Yes we had some POW camps & guarding our bases  & key defense plants BUT we didnt guard prisoners for genocide either, so our Guard ratio had to be Less than the Germans alone.

This idea that Germany lacked troops because of  guarding prisoners of war and concentration camps .

 And that it evened out because of allies too were guarding  prisoners of war, is is simply not the reason the war was lost,

there are numerous reasons, a big one was fighting on more than one front, getting confused about how Hitler looked on England as a future ally, thinking of them as Germanic, I think the waiting game at Dunkirk was a Hitler blunder, I think he went to war too early, he should never have tried out the Soviet Union unless he had secured the west.
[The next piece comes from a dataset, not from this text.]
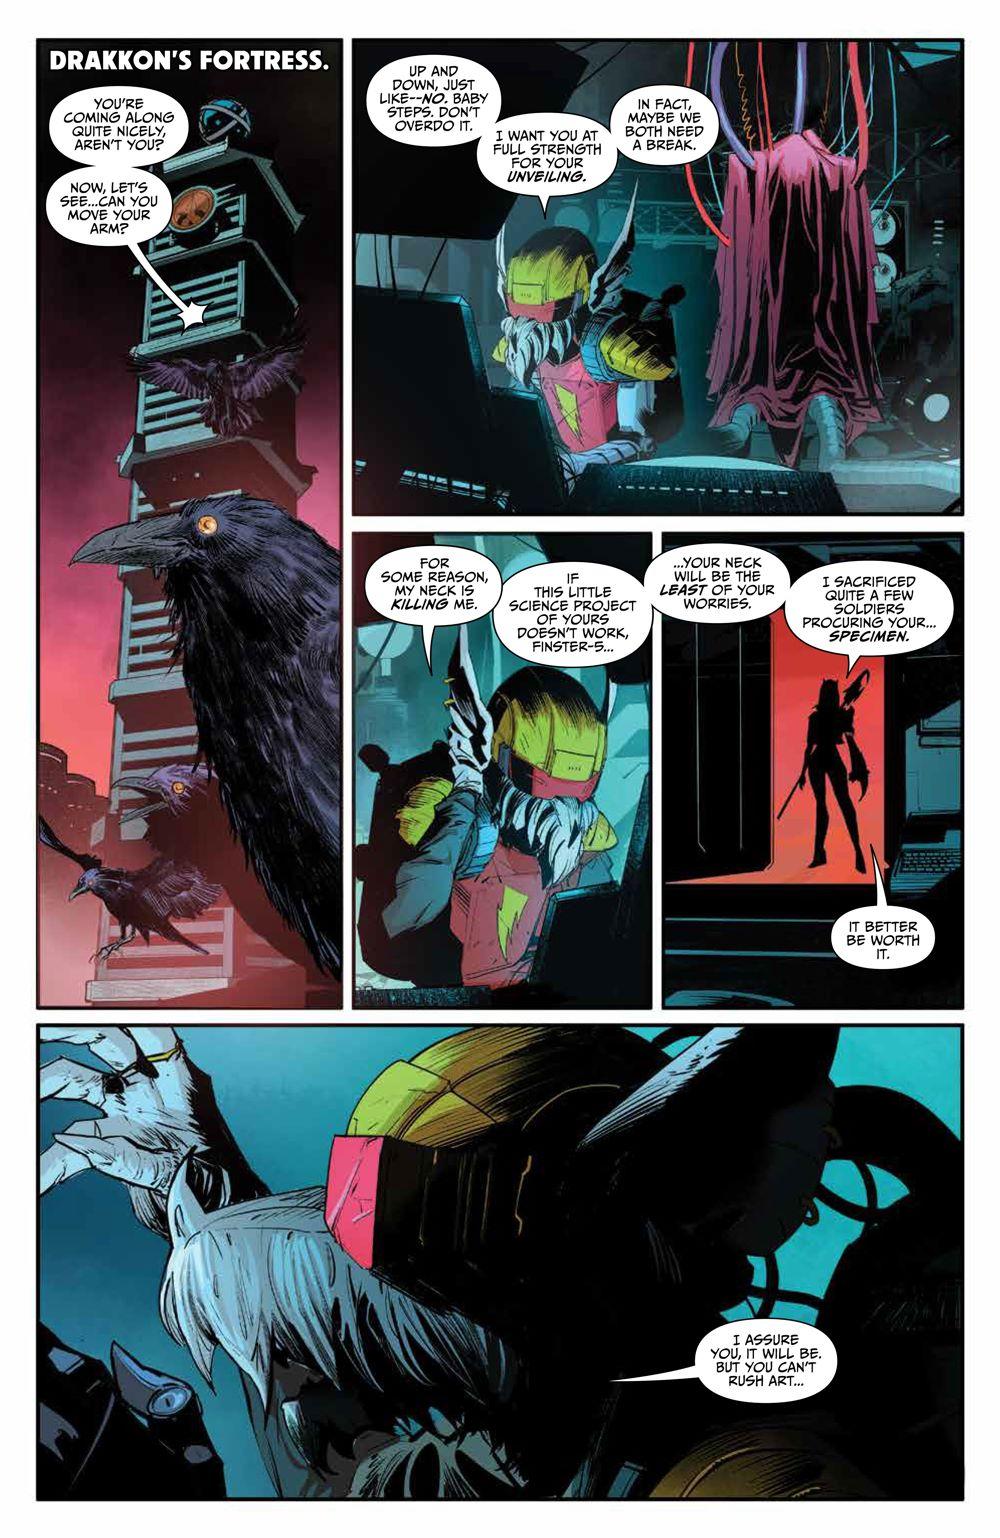 DrakkonNewDawn_SC_PRESS_13 ComicList Previews: POWER RANGERS DRAKKON NEW DAWN TP
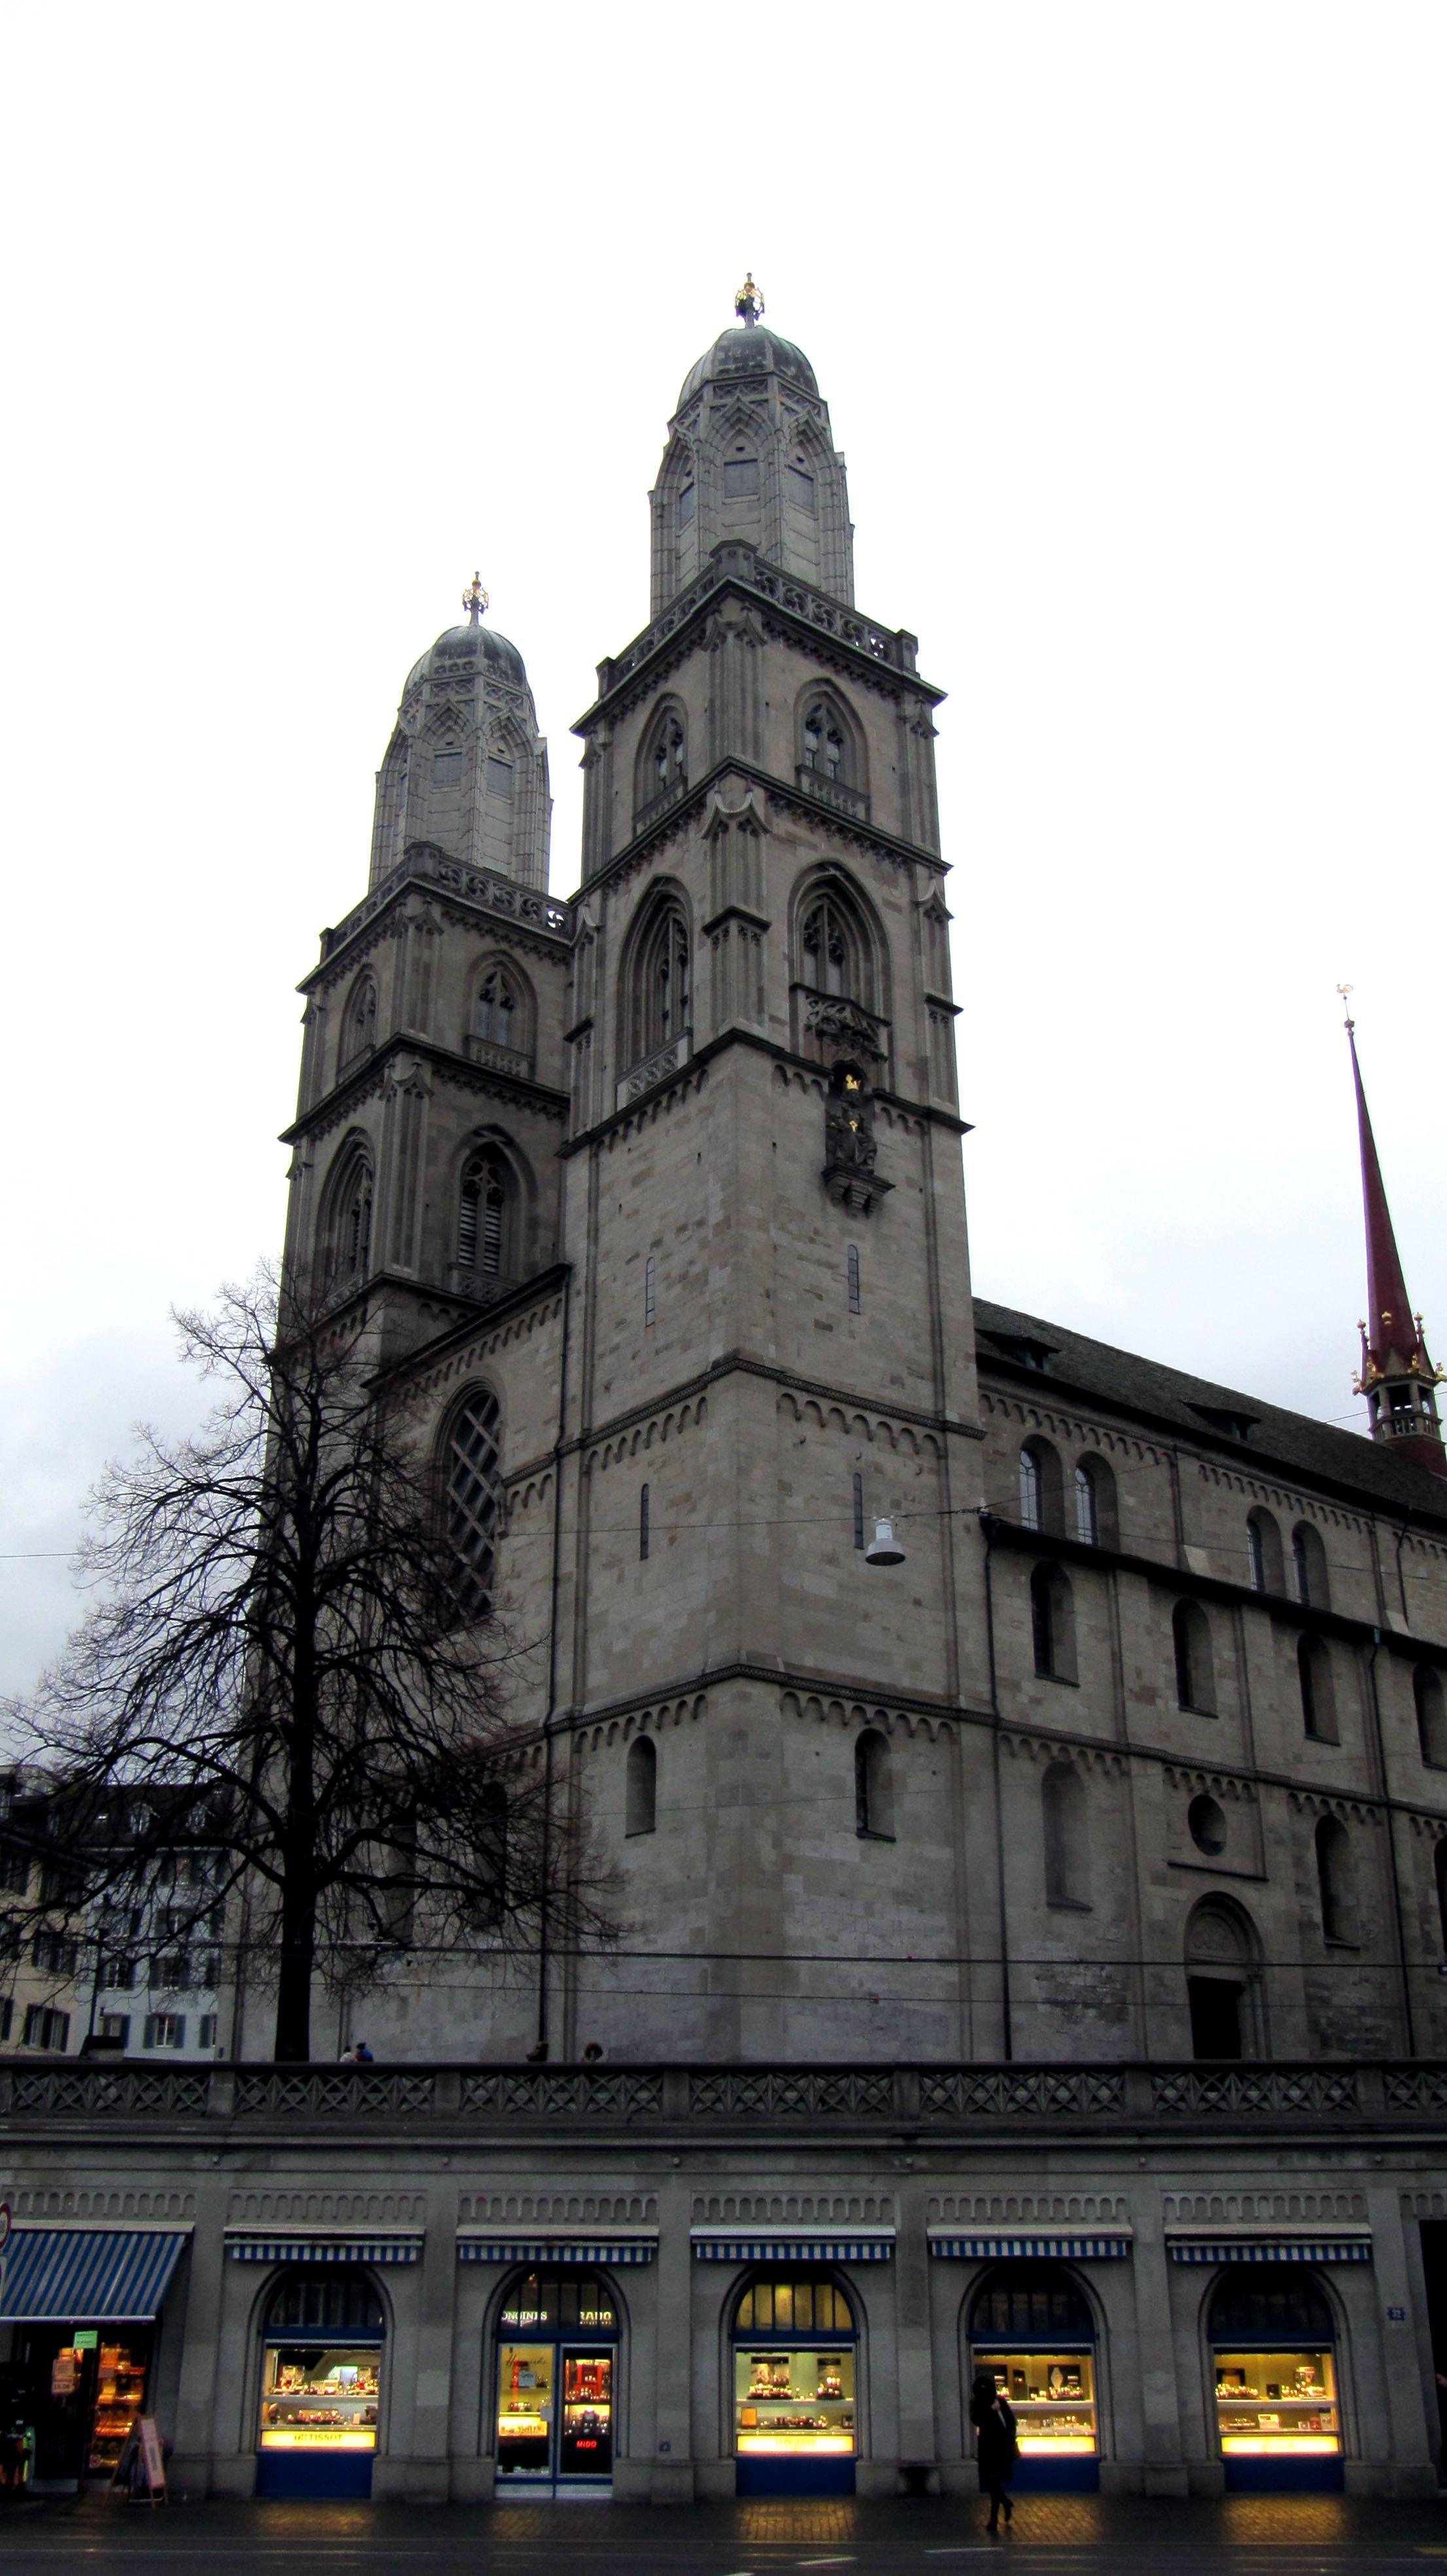 @ Zurich

He hadn't, he eventually lost out in North Africa, and southern Europe , he did have a brilliant large fighting military force, and I suspect his Generals' were tearing their hair out with some of the orders they were given.

Adolph couldn't be told! 

He was doomed from that, at the start, early successes sent him into a upward spiral , then a downward spiral , he lost before he started. Thank heavens he was a nut and couldn't run a war, and surrounded himself with freaky obsessed weird people Himmler Goebbels , that buffoon Goering, who couldn't run a raffle let alone an Air force. Speer the beaurocrat instigator of cheap killing of a people. 

I'd say that if Adolph Hitler had have been a rational man , things may have turned out differently. And those slime that were with him would be no where in sight.

But if Hitler was a rational man , he may not have even gone to war. He was on the way to turning Germany to an economic giant after the mess of WW1, and the Versaille blunder by the Allies , that was so over the top,  and Hitler was revenge ridden as were many Germans. 

WW1 was one of the greatest waste of humanities history , a stalemate almost  of a war?

And to rip the guts out of the Germans after wards just set the world on another road to WW2.

Guards were just part of the infrastructure, just that type of person , that fit the Nazi mould.

The armies of Germany were German people like everyone else, their soldiers were conscripts and regulars, and I'd say the SS  divisions of fanatics were pretty bad brainwashed  people .

But the normal armies and Navy and Airforce  were just the nations normal people.Dragged into a holocaust like the rest of the world.